Garbage Collection Optimization: High Throughput and Low Latency Java Applications
Article Summary
LinkedIn Engineering cut their tail latency by 75% through systematic garbage collection tuning. Here's their playbook for high-performance Java apps.
Swapnil Ghike shares how LinkedIn's team optimized GC settings for their next-generation feed data platform serving thousands of requests per second. The article breaks down their methodical approach from baseline measurements to production-ready configuration.
Key Takeaways
- ParNew/CMS outperformed G1 collector for their workload, showing lower CPU and memory overhead
- Tuning CMSInitiatingOccupancyFraction to 92 and MaxTenuringThreshold to 2 reduced pause frequency
- Setting ParGCCardsPerStrideChunk to 32768 dropped young gen pauses from 80ms to 50ms
- Final config achieved 60ms p99.9 latency with CMS cycles running just once per hour
- AlwaysPreTouch flag and vm.swappiness=0 eliminated runtime page faulting penalties
LinkedIn achieved 40-60ms GC pauses every 3 seconds and 60ms p99.9 latency through data-driven tuning of ParNew/CMS settings.
About This Article
LinkedIn's feed platform had a garbage collection problem.

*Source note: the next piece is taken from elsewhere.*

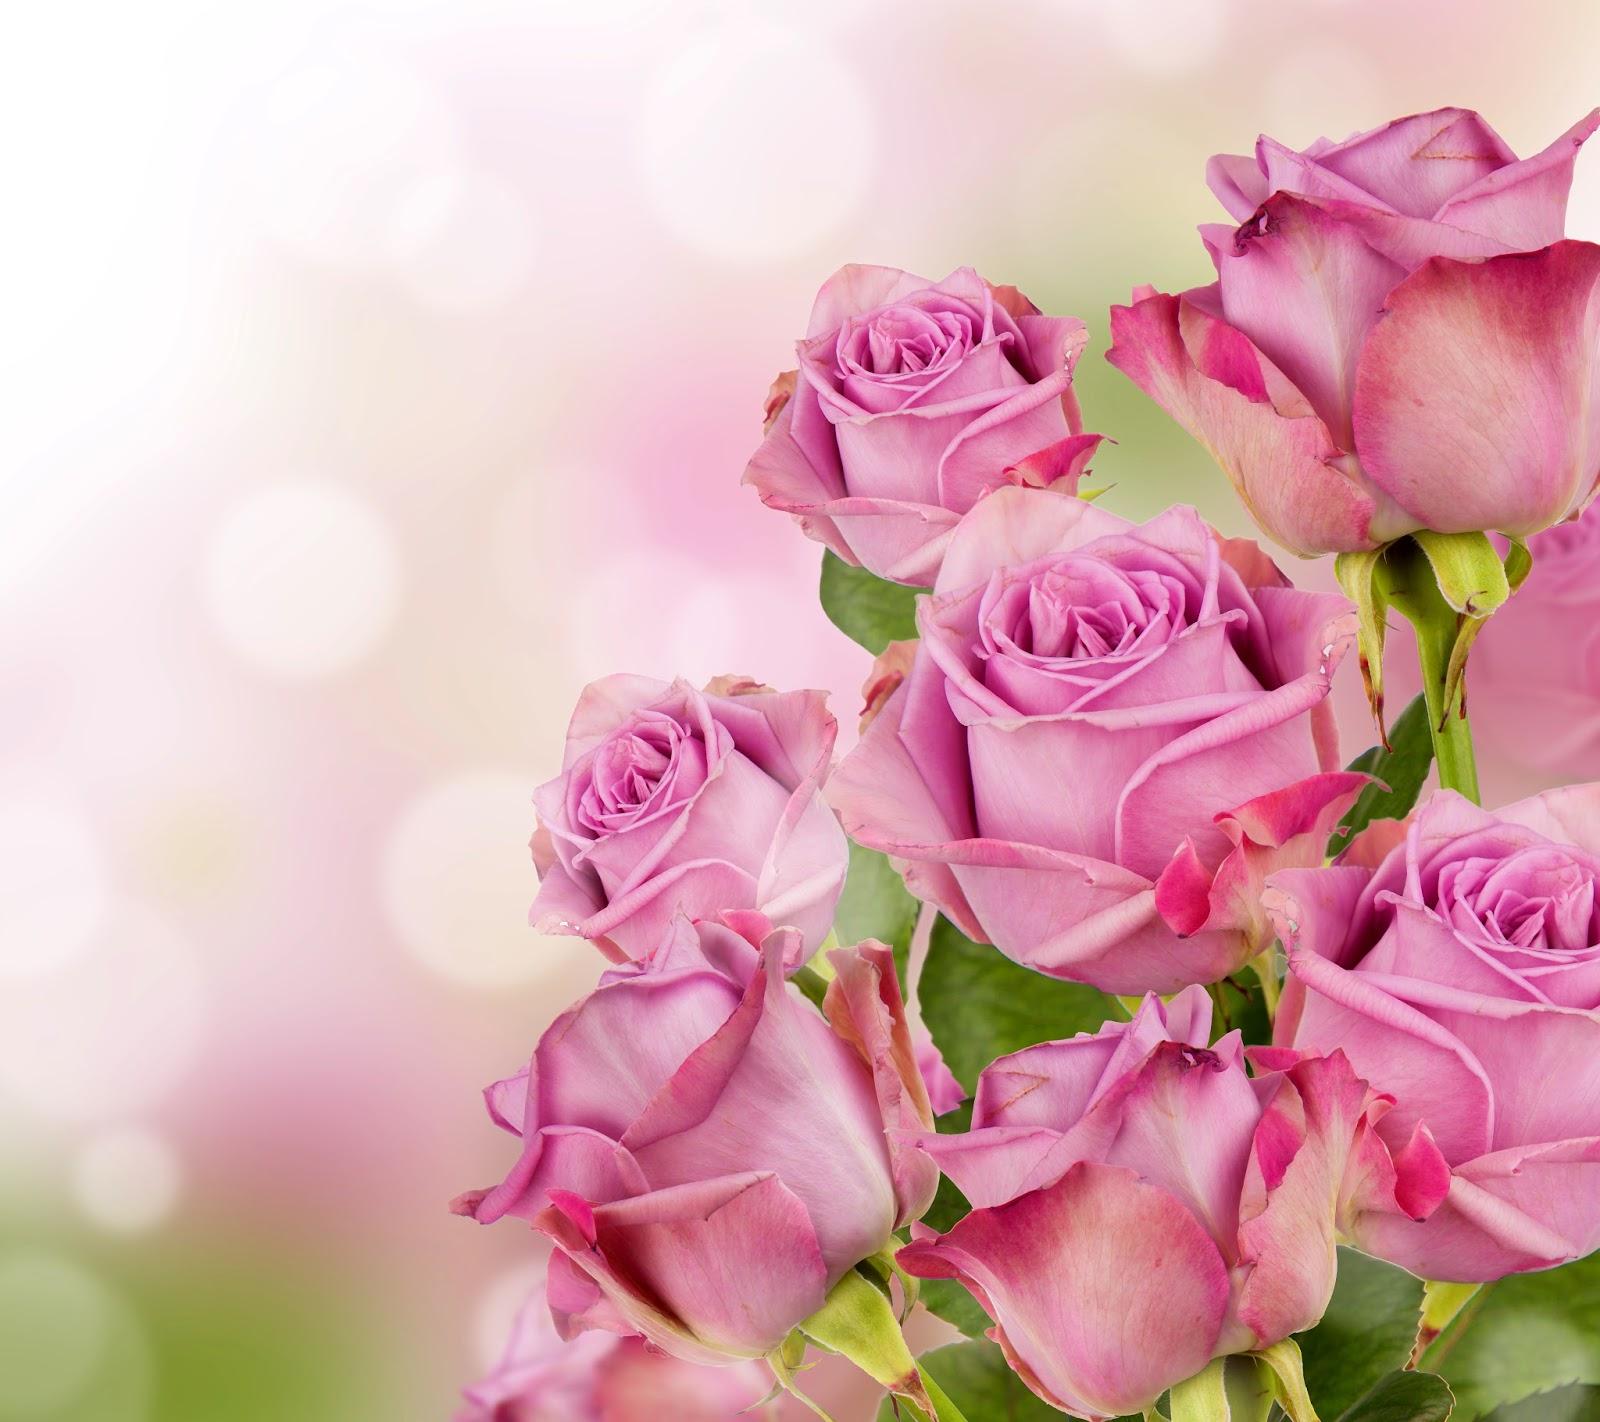 Rose flowers beautiful pink roses nature beauty izmirmasajfo
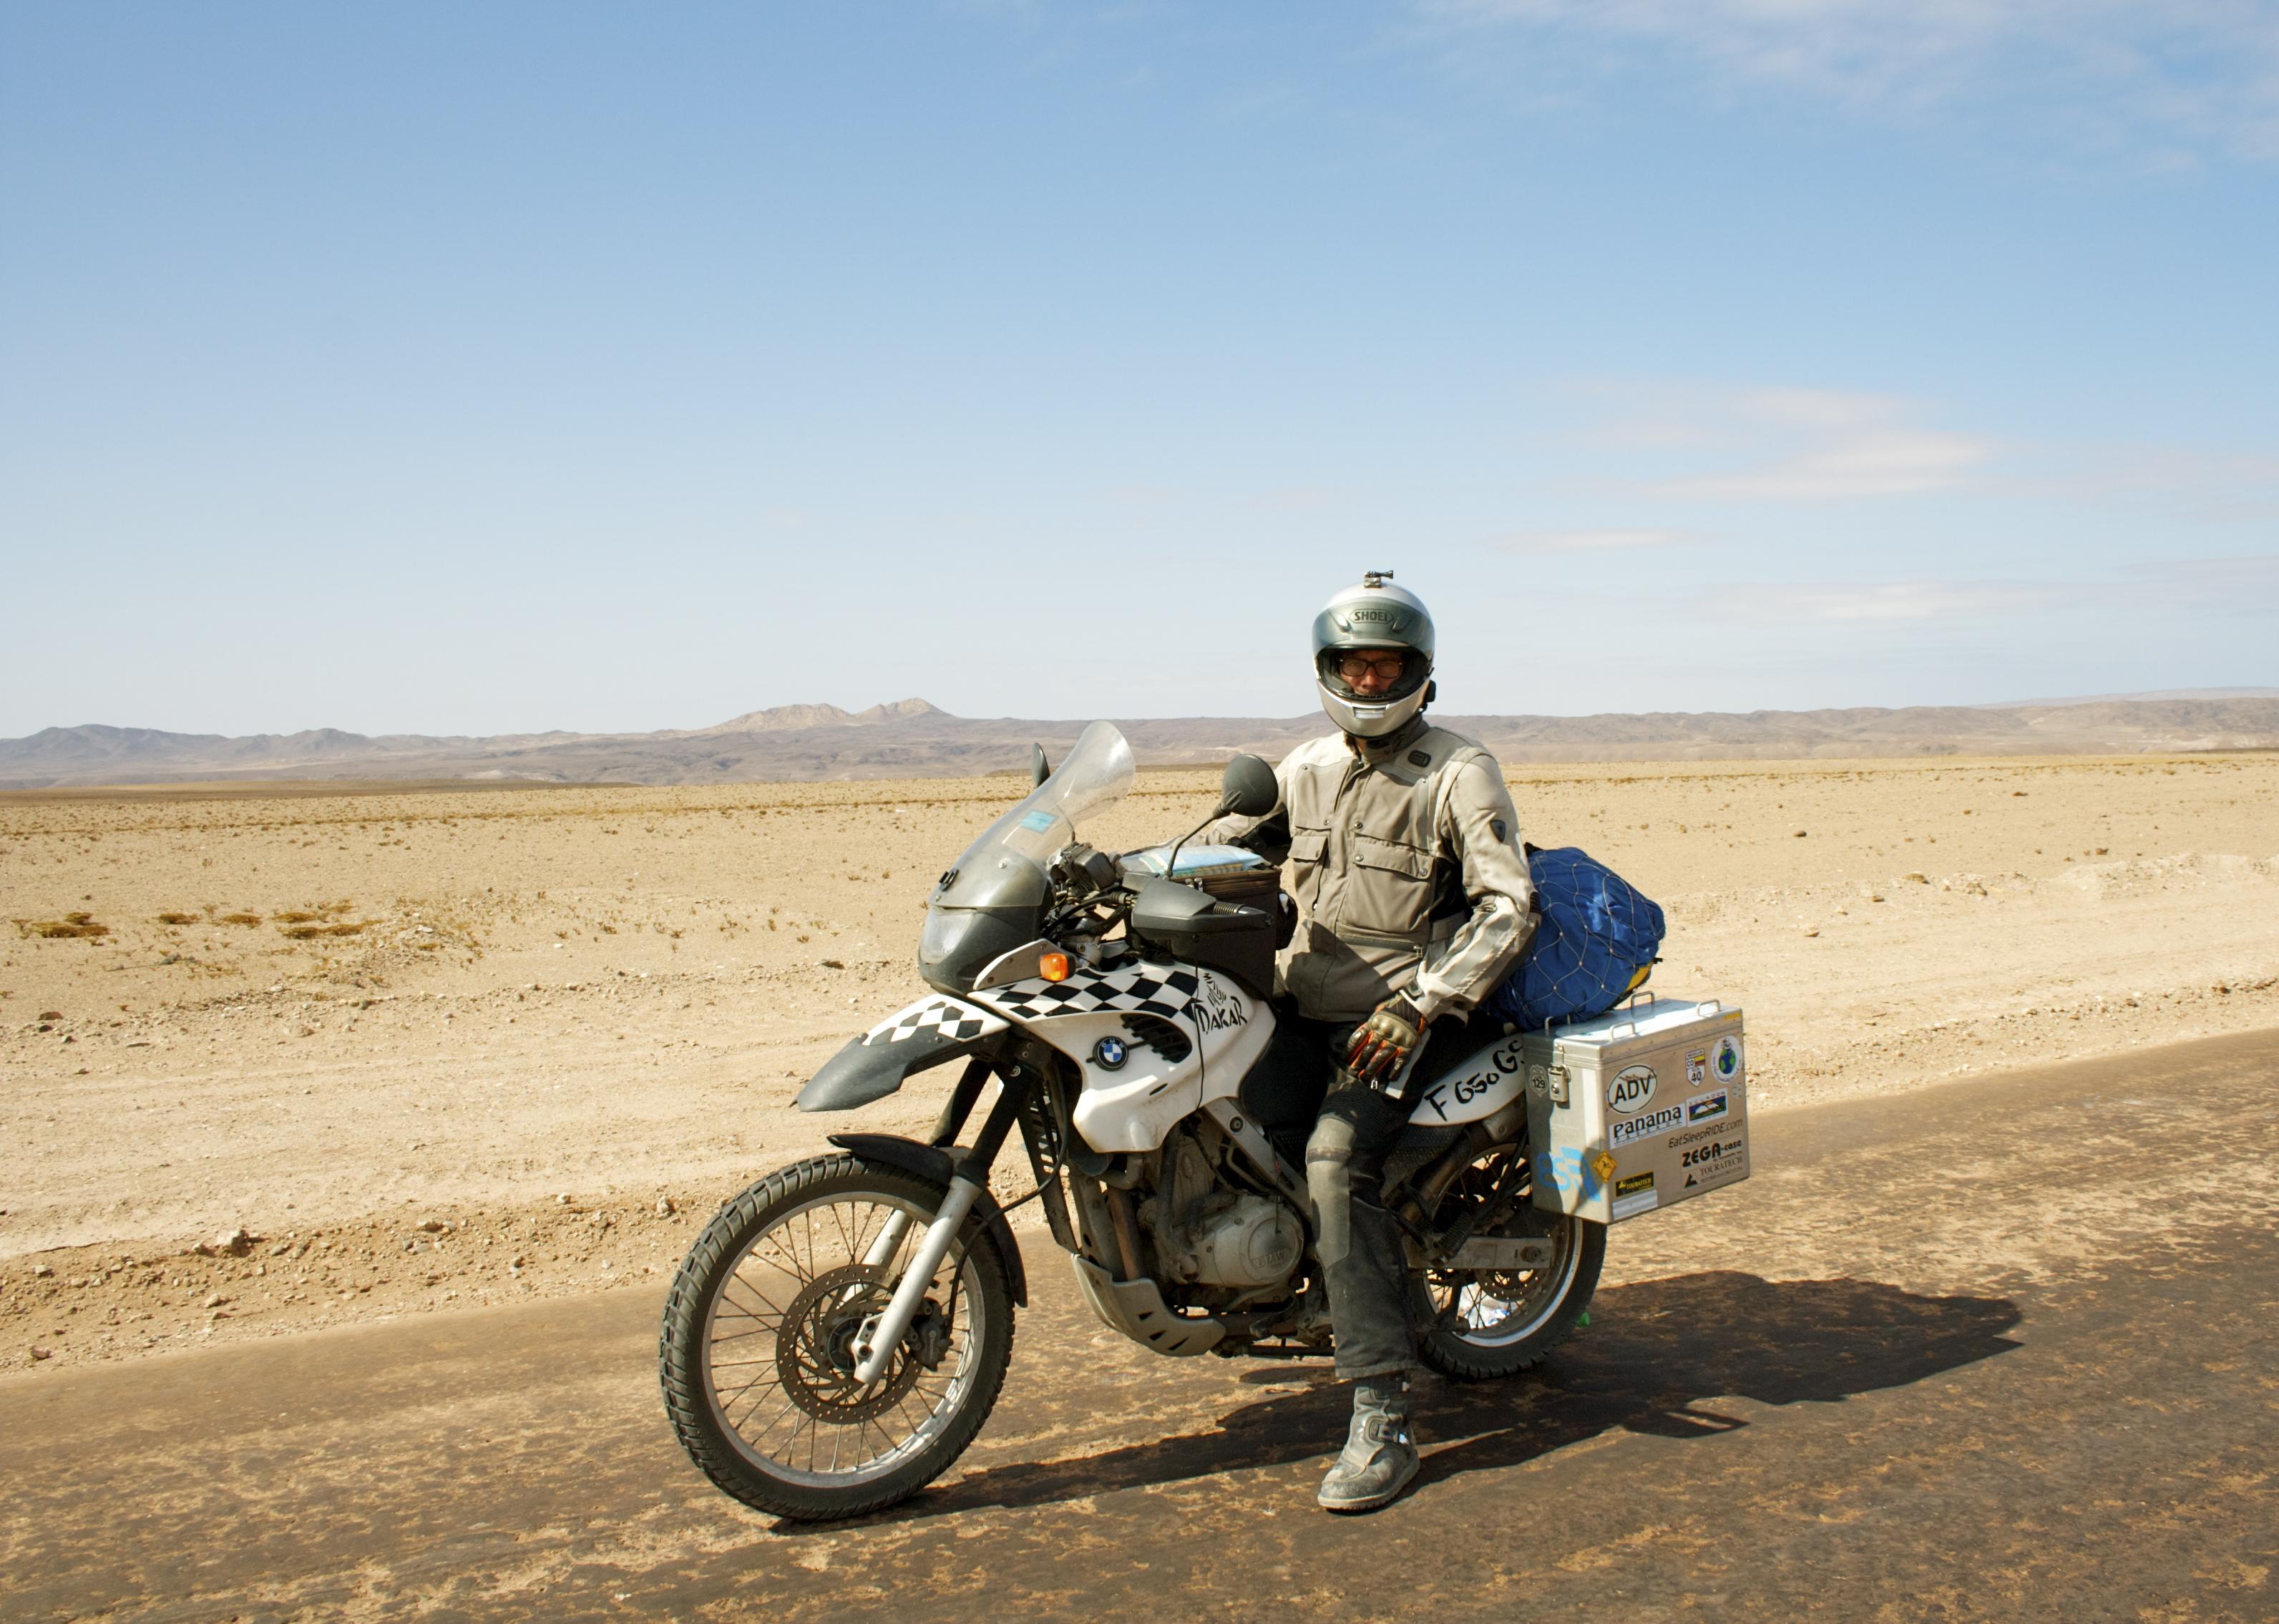 Choosing My Overland Travel Bike The 2000 Bmw F650gs Dakar

Young generation pauses were hitting 80ms, and the old generation kept triggering unpredictably. The issue came down to long-lived cached objects piling up in a 32GB heap, with the CMS initiation threshold set at 70%.
Swapnil Ghike's team dug into verbose GC logs using Naarad and gclogviewer to spot patterns. They increased the heap to 40GB and tuned the card table scanning by setting ParGCCardsPerStrideChunk to 32768. This change improved how worker threads distributed their tasks.
The new settings cut young generation pauses down to 40-60ms, happening every three seconds instead of constantly. Old generation collections dropped to about once per hour. The platform could now handle thousands of requests per second without breaking.